![[Public Interpretations Database]](http://www.niap-ccevs.org/assets/images/precedent-db.jpg){kind=small}
PD-0150: FTA_SSL.1 and 2 SFRs in the Firewall, Traffic Filter Firewall, VPN, and IDS MR PPs
This decision represents a long-term technical decision based on an OD, and may not be the same as the final results of the source OD. With respect to published criteria documentation and scheme documents, it provides suggested guidance on evaluation direction, but is not authoritative. Authoritative decisions are provided through the published criteria documents and published scheme and international interpretations thereof. With respect to published PPs, PDs are authoritative corrections to the PP, based on input from the PP author (if available), that are in force until the publication of the next revision of that PP.
| Effective Date: | 2009-06-01 |
| Last Modified | 2009-06-01 |
Issue
In the Firewall, Traffic Filter Firewall, VPN, and IDS MR PPs, the FTA_SSL.1 and FTA_SSL.2 requirements call for a TSF-initiated and User-initiated session locking ability. The session locking shall provide display clearing/overwriting and disable all activity of the user's access/display other than unlocking the session once the user is reauthenticated.
TSF-initiated session locking and User-initiated locking
(This wording is taken from the Traffic Filter Firewall Medium Robustness PPs, although the wording in the others is the same)
FTA_SSL.1 TSF-initiated session locking
FTA_SSL.1.1 - Refinement: The TSF shall lock a local interactive session after [a Security Administrator-specified time period of inactivity] by:
clearing or overwriting display devices, making the current contents unreadable;
disabling any activity of the user's data access/display devices other than unlocking the session.

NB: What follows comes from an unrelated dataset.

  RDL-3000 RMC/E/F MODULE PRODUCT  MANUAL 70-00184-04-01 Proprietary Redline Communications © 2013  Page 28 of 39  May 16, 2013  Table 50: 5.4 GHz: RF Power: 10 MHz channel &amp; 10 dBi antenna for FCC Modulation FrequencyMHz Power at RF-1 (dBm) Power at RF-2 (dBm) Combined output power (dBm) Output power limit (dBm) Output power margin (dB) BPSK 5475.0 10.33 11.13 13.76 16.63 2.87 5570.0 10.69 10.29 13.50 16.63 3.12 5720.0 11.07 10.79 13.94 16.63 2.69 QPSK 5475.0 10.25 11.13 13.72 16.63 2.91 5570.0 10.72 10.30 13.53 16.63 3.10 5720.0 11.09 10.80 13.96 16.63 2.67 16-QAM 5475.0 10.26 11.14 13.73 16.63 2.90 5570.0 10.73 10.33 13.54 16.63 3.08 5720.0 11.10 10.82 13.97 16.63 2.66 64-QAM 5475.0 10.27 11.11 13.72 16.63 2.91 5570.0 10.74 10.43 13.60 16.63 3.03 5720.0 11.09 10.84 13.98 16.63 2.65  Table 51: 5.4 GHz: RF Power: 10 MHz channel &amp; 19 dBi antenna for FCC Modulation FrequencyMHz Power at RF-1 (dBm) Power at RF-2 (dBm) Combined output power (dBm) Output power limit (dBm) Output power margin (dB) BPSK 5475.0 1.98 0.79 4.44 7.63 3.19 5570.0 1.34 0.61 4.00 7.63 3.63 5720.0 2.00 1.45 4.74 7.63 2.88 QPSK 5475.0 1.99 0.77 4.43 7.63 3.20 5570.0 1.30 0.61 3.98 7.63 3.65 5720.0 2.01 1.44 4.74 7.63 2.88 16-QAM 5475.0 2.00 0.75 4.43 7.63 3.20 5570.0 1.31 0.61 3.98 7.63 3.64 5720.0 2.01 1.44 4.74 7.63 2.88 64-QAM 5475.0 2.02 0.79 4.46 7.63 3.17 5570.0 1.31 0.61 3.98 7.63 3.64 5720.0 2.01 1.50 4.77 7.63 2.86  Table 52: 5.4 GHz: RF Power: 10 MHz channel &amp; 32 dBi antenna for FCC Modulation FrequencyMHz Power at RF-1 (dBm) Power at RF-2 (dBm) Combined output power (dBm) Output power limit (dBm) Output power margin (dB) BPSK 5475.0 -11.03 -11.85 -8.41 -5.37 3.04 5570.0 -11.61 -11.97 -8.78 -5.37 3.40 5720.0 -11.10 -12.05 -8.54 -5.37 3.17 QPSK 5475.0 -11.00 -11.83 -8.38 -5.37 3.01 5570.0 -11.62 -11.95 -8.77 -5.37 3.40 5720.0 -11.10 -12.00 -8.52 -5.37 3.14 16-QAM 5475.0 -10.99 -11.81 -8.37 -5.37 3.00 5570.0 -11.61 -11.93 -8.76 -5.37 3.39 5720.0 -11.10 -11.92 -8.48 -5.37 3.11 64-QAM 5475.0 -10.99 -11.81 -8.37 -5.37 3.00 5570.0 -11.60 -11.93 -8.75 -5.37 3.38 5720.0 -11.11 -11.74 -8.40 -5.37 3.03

FTA_SSL.1.2 - Refinement: The TSF shall require the user to re-authenticate prior to unlocking the session.
FTA_SSL.2 User-initiated locking
FTA_SSL.2.1 - Refinement: The TSF shall allow user-initiated locking of the user's own local interactive session by:
clearing or overwriting display devices, making the current contents unreadable;
disabling any activity of the user's data access/display devices other than unlocking the session.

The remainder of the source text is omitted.